The Discussion and Q&A Session
Once the reading concluded, the lead reader facilitated a lively and insightful Q&A discussion. Participants started off the discussion by appreciating the author’s employment of various stylistic devices like fantasy, satire and irony in describing the flaws and problems in society using Nigeria as an illustration, with other participants in agreement.
The discussion then shifted focus on the role of religious exploitation in perpetuating systemic inequality, as embodied by Pastor Philemon Joshua. Participants noted how prosperity gospel preys on the destitute, demanding tithes from those who “had only eaten twice that week,” while pastors accumulate fleets of jets mirroring real-world scandals that erode trust in faith.
The forum also examined gender-based violence and child marriage, highlighting the Kaduna scene where a girl no older than twelve is sold for cows and all the land they want. This prompted debate on patriarchal complicity and the failure of legal frameworks to protect the vulnerable, with participants linking it to broader statistics on child brides in northern Nigeria. This was also noted to be a reflection of the wider gender issue in Sub-Saharan Africa, and not just Nigeria.

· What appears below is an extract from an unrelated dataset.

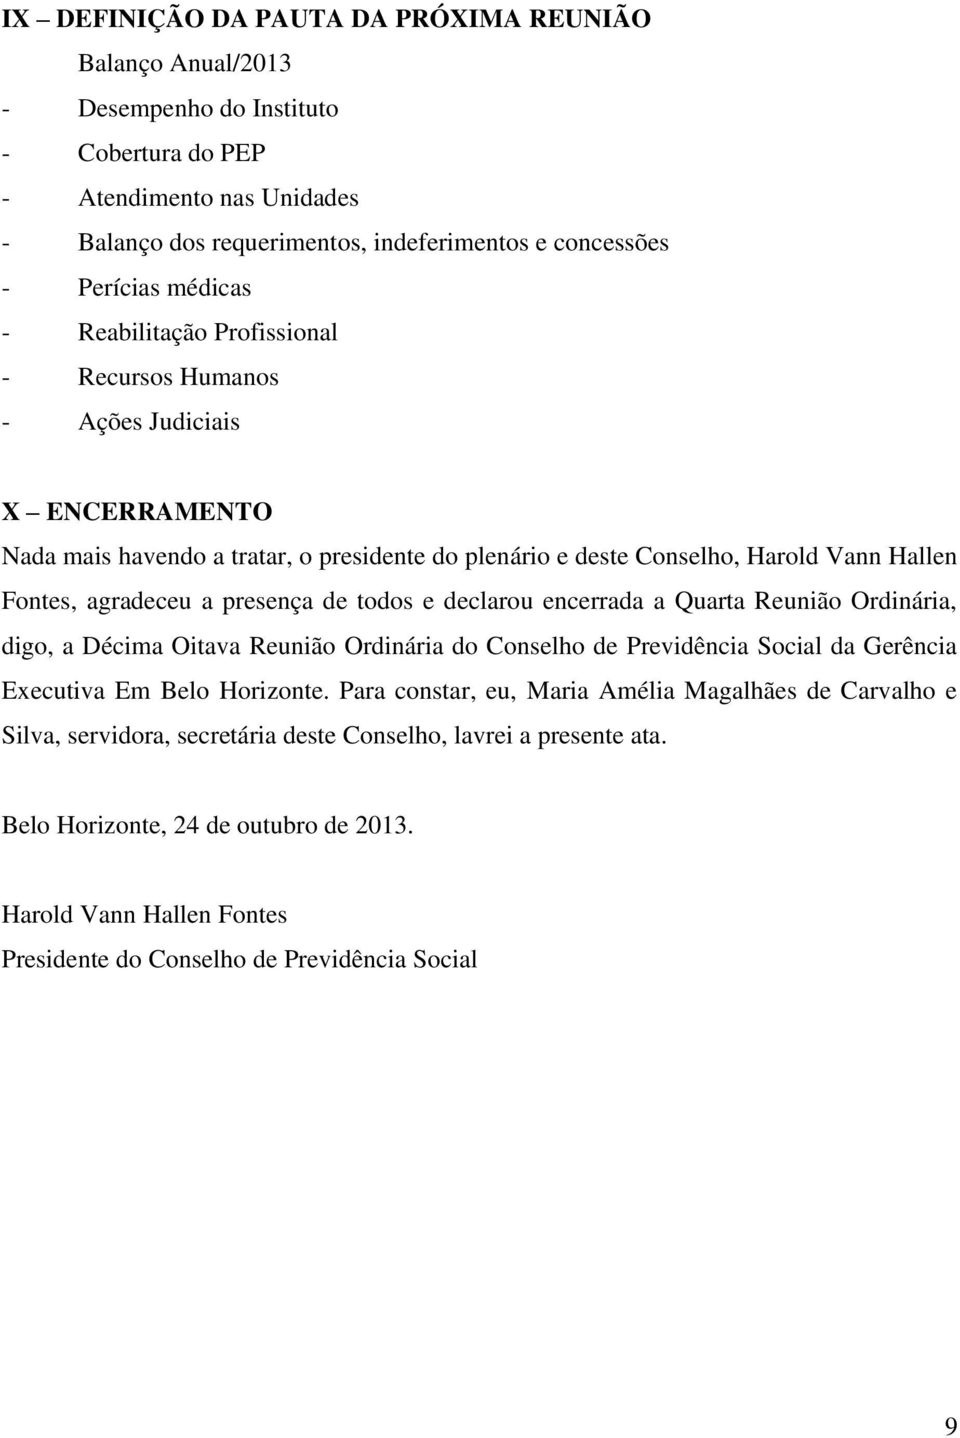 presença de todos e declarou encerrada a Quarta Reunião Ordinária, digo, a Décima Oitava Reunião Ordinária do Conselho de Previdência Social da Gerência Executiva Em Belo Horizonte.

Another key area of discussion was homophobic violence and societal hypocrisy. The tyre-burning lynching reflects on how mob justice fills the vacuum left by ineffective policing, while Karóunwı́’s personal confession his son’s sexuality leading to betrayal by the same pastor, exposed the intersection of religion and familial collapse.
The dialogue further scrutinised political dysfunction, with Lucifer’s confrontation at Aso Rock underscoring electoral fraud and leadership apathy. Participants debated the irony of a re-elected president amid massacres, drawing parallels to vote-rigging and thuggery during polls, and questioned whether democracy, as practised, enables rather than curbs iniquity.

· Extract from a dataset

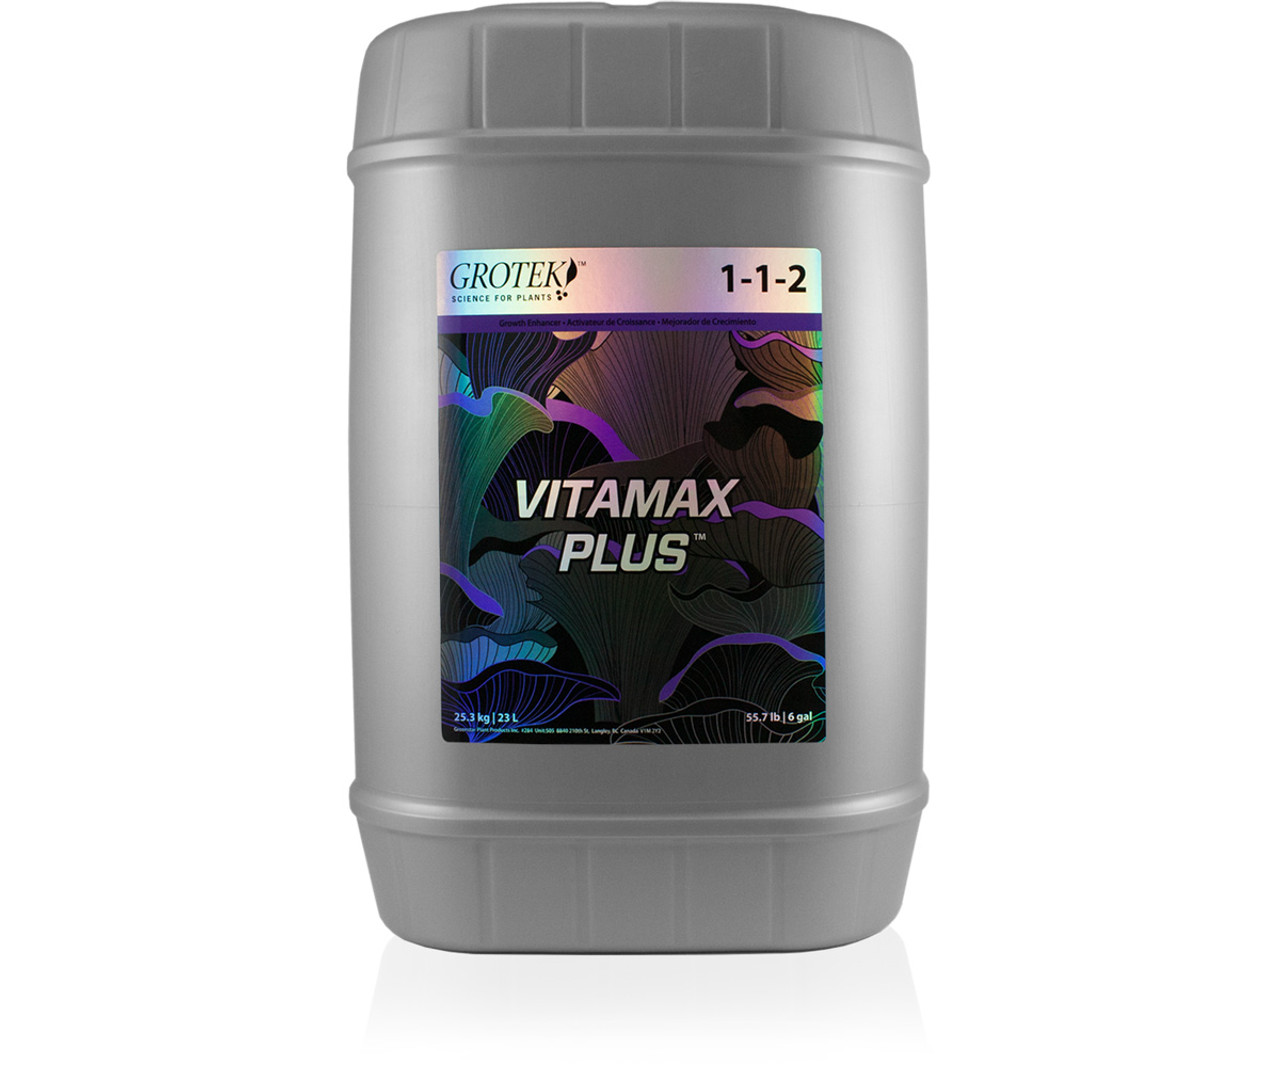 Grotek Vitamax Plus 23L 1-1-2

In conclusion, the participants agreed that Anthony Azekwoh’s “The day the devil came to Nigeria” delivers a blistering satirical mirror to societal rot, using Lucifer’s outsider gaze to reveal how corruption, hypocrisy, and indifference have normalised hell on earth. Through Karóunwı́’s tragic odyssey and the Devil’s stunned retreat, Azekwoh underscores the urgency of accountability, empathy, and systemic reform in a nation that out-devils the Devil!
Conclusion
The session concluded with Ms Esther Blessing closing the discussion and inviting the student coordinator, Ms Victoria Okeke to give the final remarks. Victoria, together with Mr Cedric Kadima delivered a vote of thanks, expressing appreciation for the participants’ active engagement and consistent attendance. They commended the students for their analytical contributions and encouraged them to continue participating in upcoming reading sessions organized by the Avid Readers Forum.